I've just created a new thread but on the same subject. After reading the thread here, I see that my idea has already been suggested by 'pollenface'.
 
8x high cranking lead acid batteries

Use the Lifepo4 packs to charge the lead acid batteries independently

wear gloves
Hi pollenface,
I've just posted a similar thread to this and wondered if you had a spare minute so have a look at the circuit diagram?

Thanks, Al
 
I finally went back to the OPs initial question and I agree with those who are saying that you cannot charge your batteries while they are in series. It's never been about the chemistry but about the electronics that are needed to balance LiFePo4 and Lithium Ion. This is why my car's 48-volt banks will not be left in series while the banks are being charged. This and my own logic gnawing at me and telling me that this creates a short circuit at my charging source. I haven't considered what would happen if two banks were connected to separate charge controllers while the batteries are in series.

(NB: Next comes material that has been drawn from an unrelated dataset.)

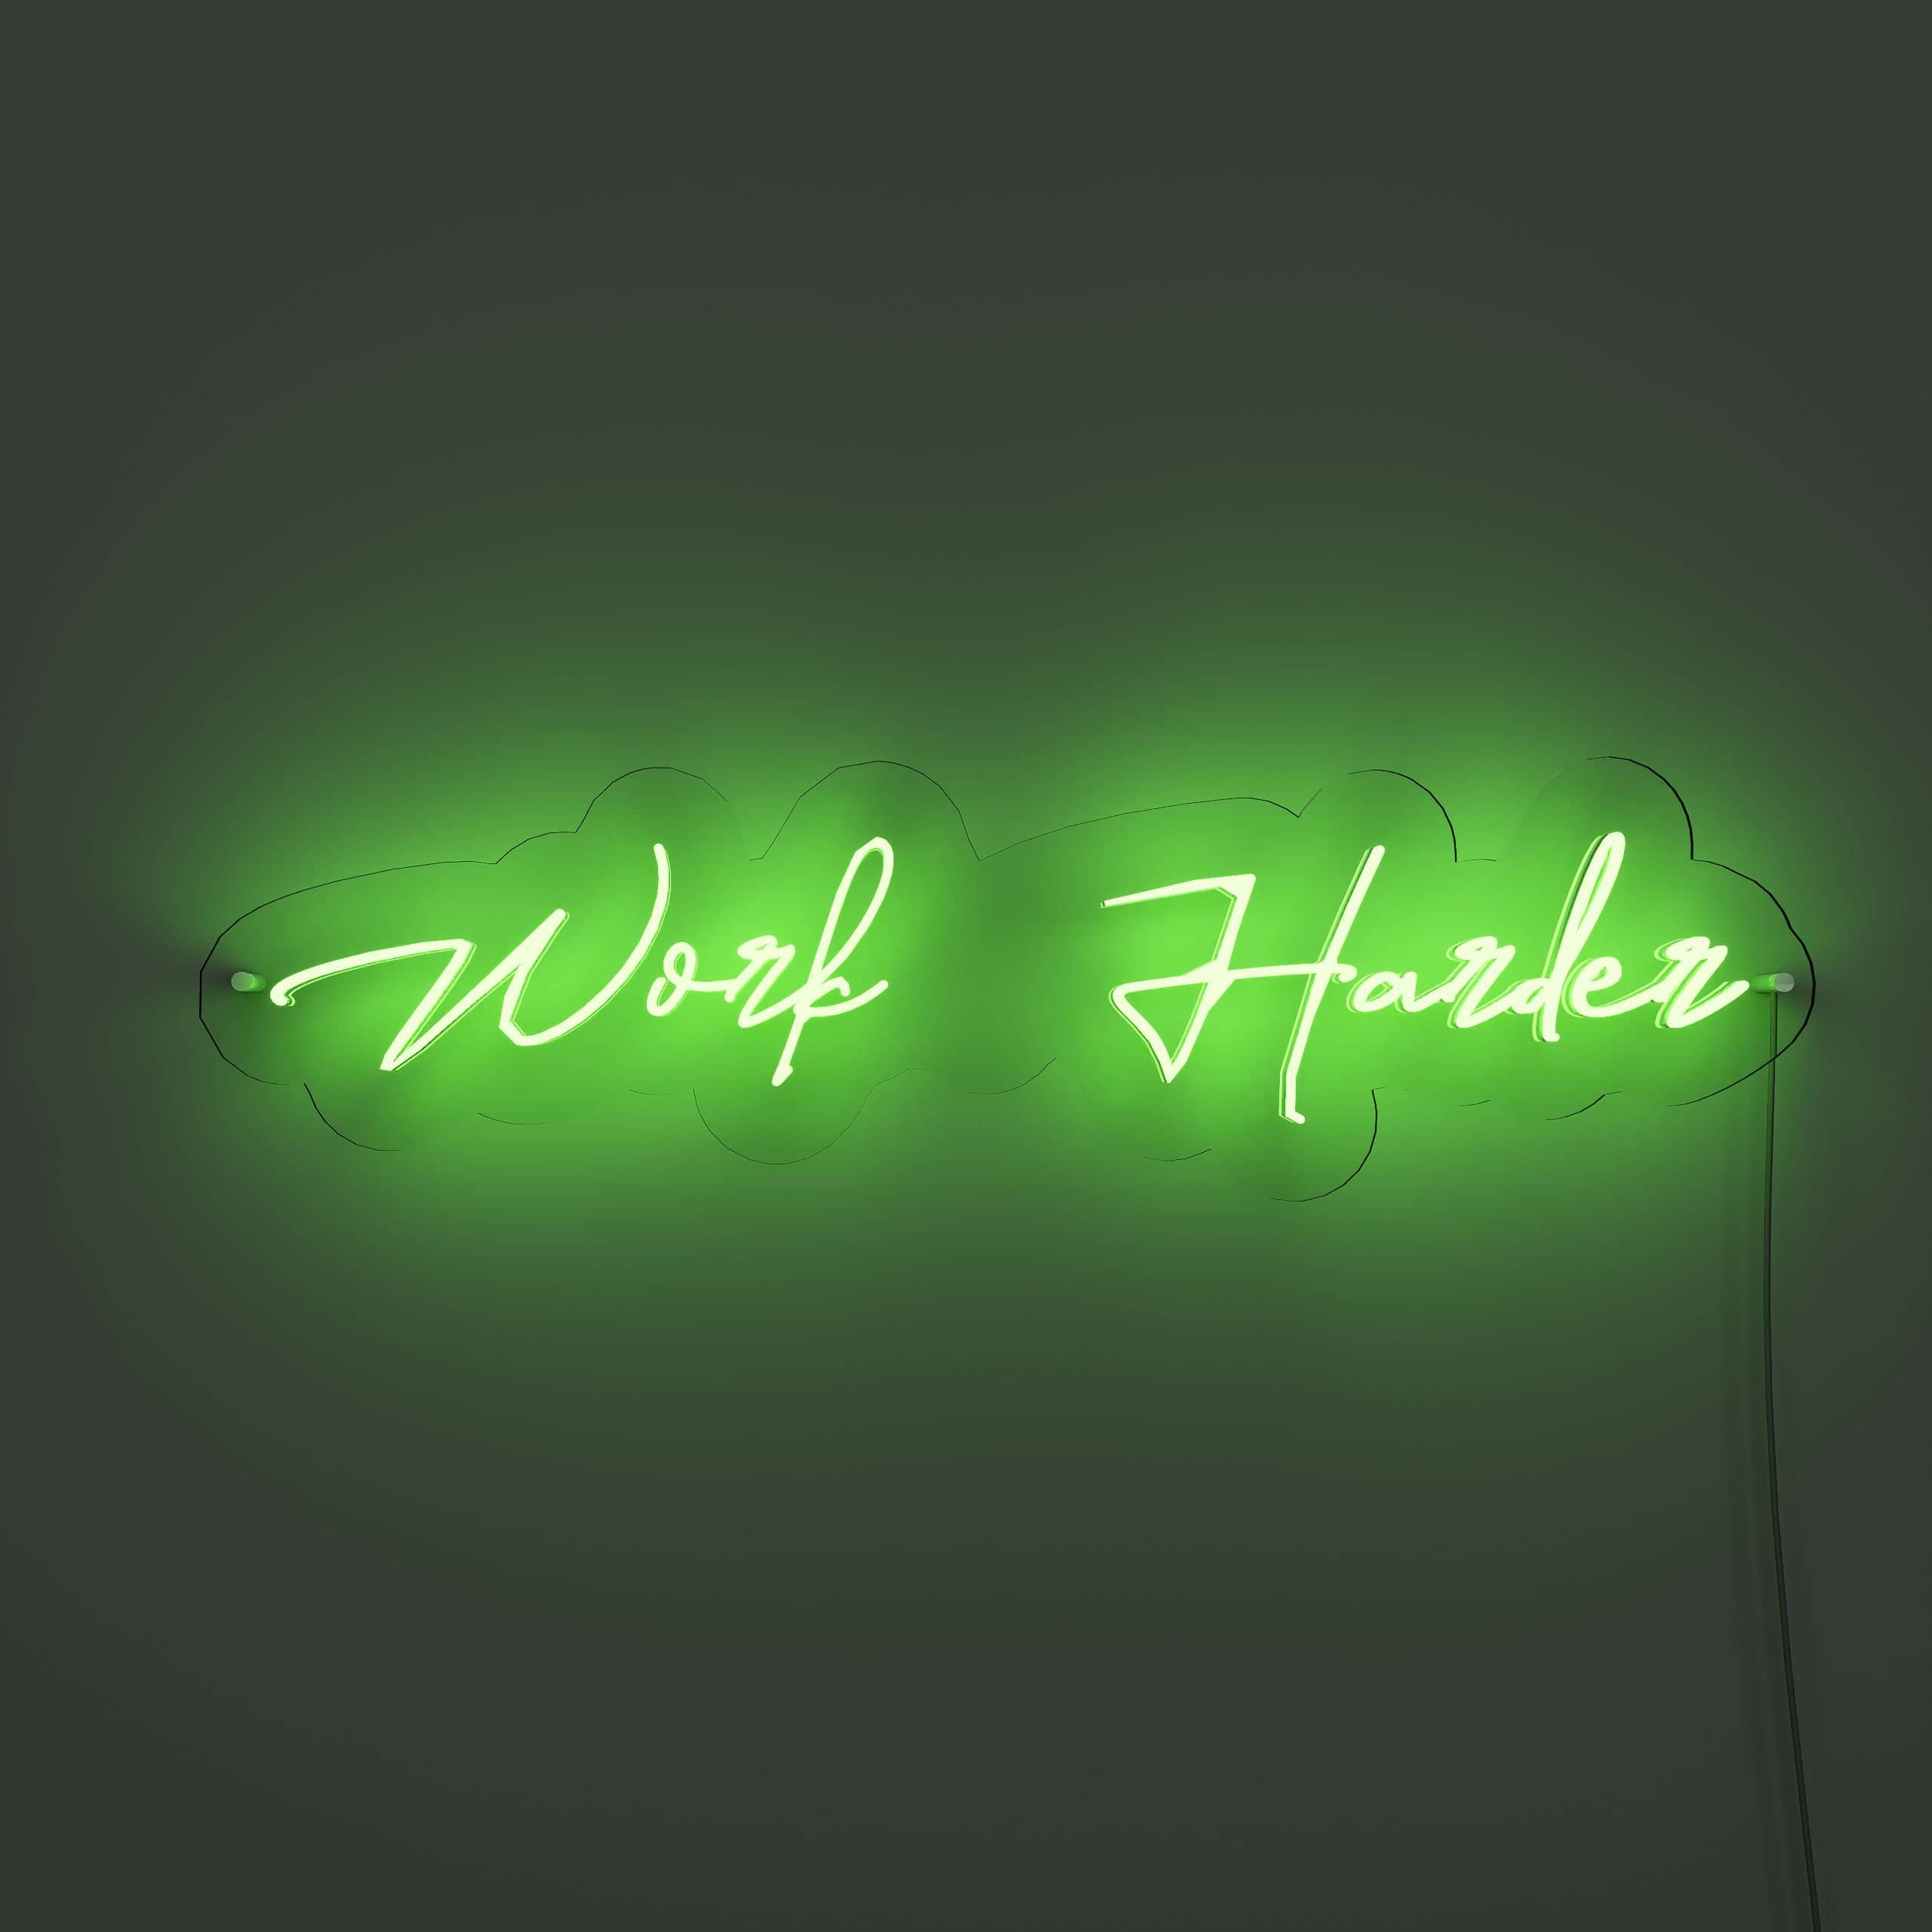 push-your-limits,-work-harder-and-shine-neon-sign-lite

I think it would short the charge controllers. It might be worth getting a couple of solar lights and stripping out the components to perform an experiment before trying this on a larger scale. You may end up spending $20 to save yourself $20K. Knowing myself, I'd perform the experiment on increasing scales to be more cautious/confident with my finances.
 
OMG! The solution is so simple. Just have 4 48-volt battery banks. Parallel 2 of them at a time to run the boat while the other two are charging. When they reach your cut-off voltage, swap them out. This eliminates the problem quite simply. You just need a couple switches.